* **Recorded data**:
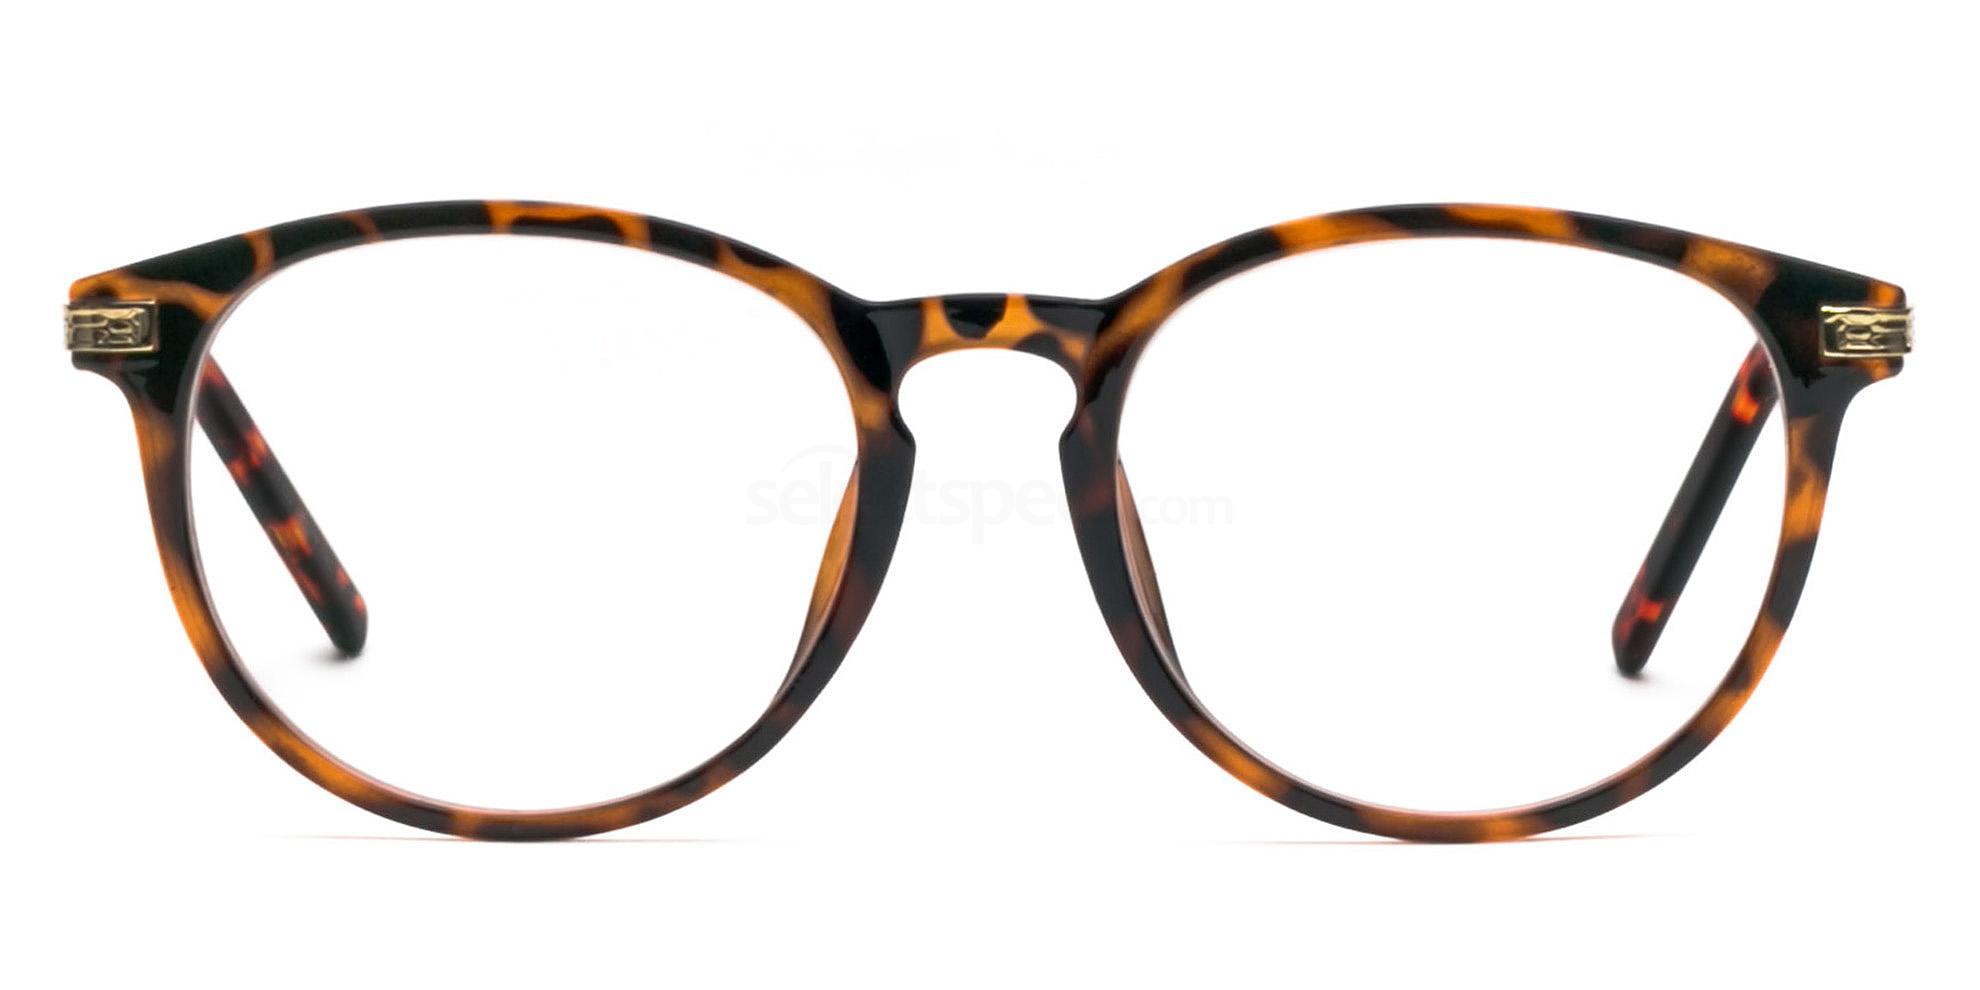 Infinity P77333 glasses
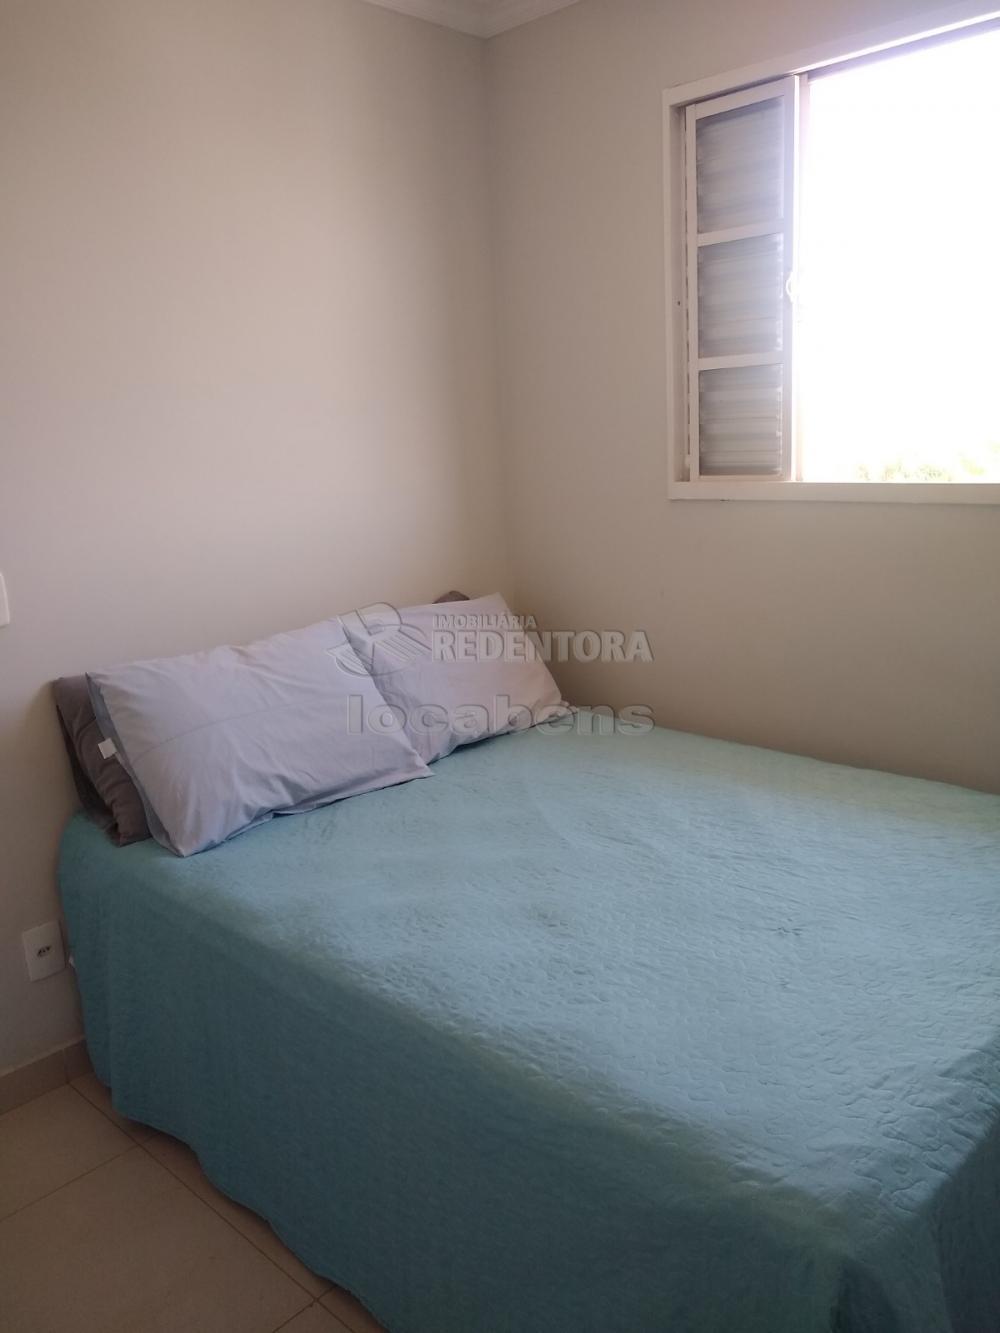 Comprar Apartamento / Padrão em São José do Rio Preto R$ 165.000,00 - Foto 30
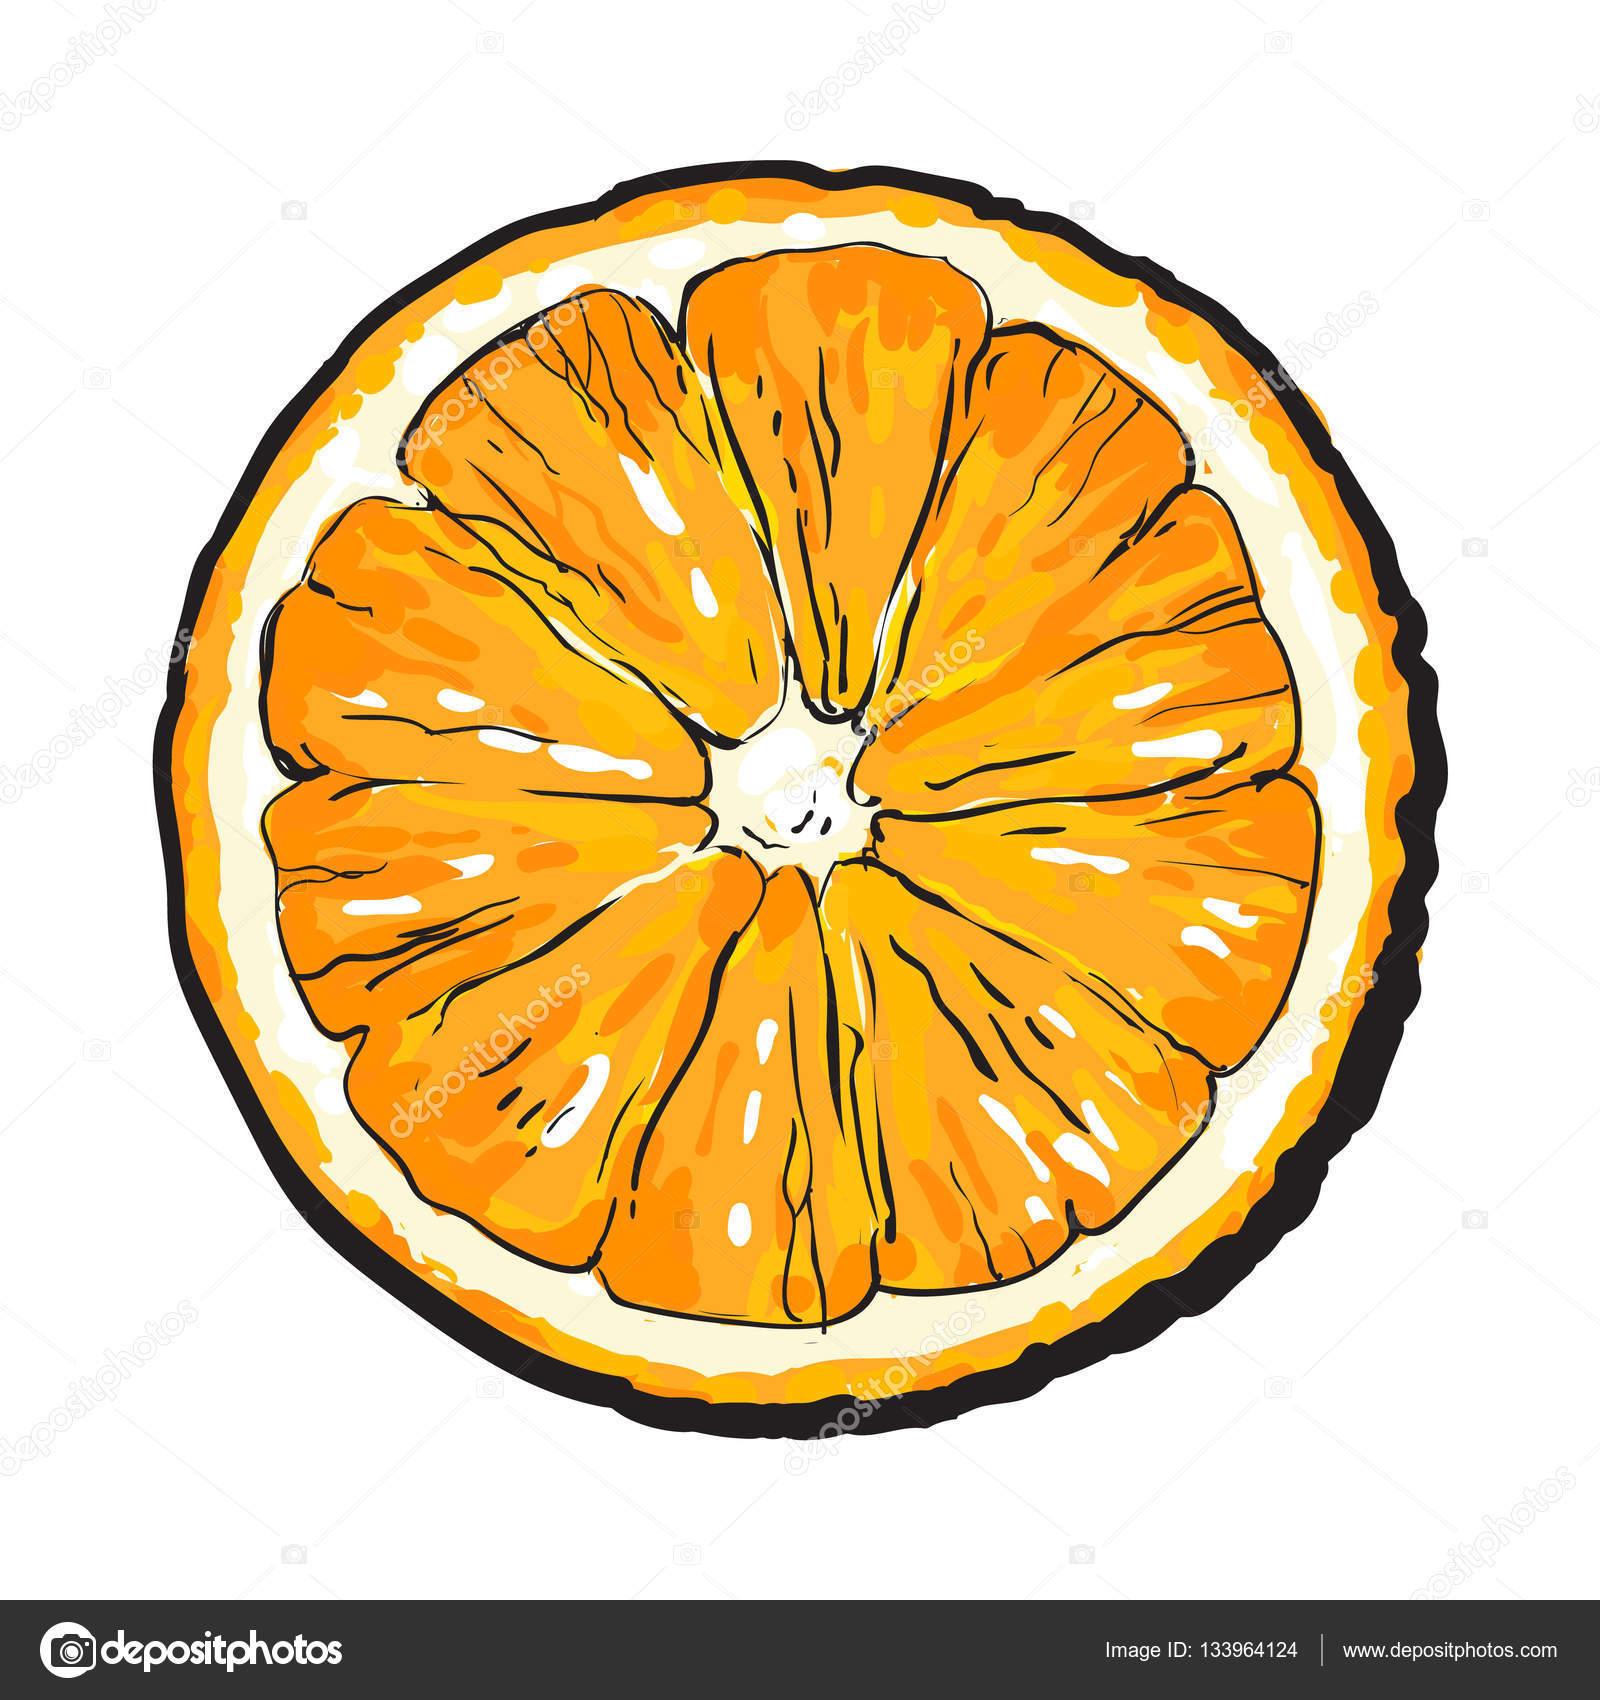 Colorful main dessin e rond tranche d orange avec la - Pelure d orange pour parfumer ...

* **About this task**: Your copy of the data should match it exactly, apart from the images, which are omitted.

* **Exercise solution**:
 Infinity P77333 glasses
 Comprar Apartamento / Padrão em São José do Rio Preto R$ 165.000,00 - Foto 30
 Colorful main dessin e rond tranche d orange avec la - Pelure d orange pour parfumer ...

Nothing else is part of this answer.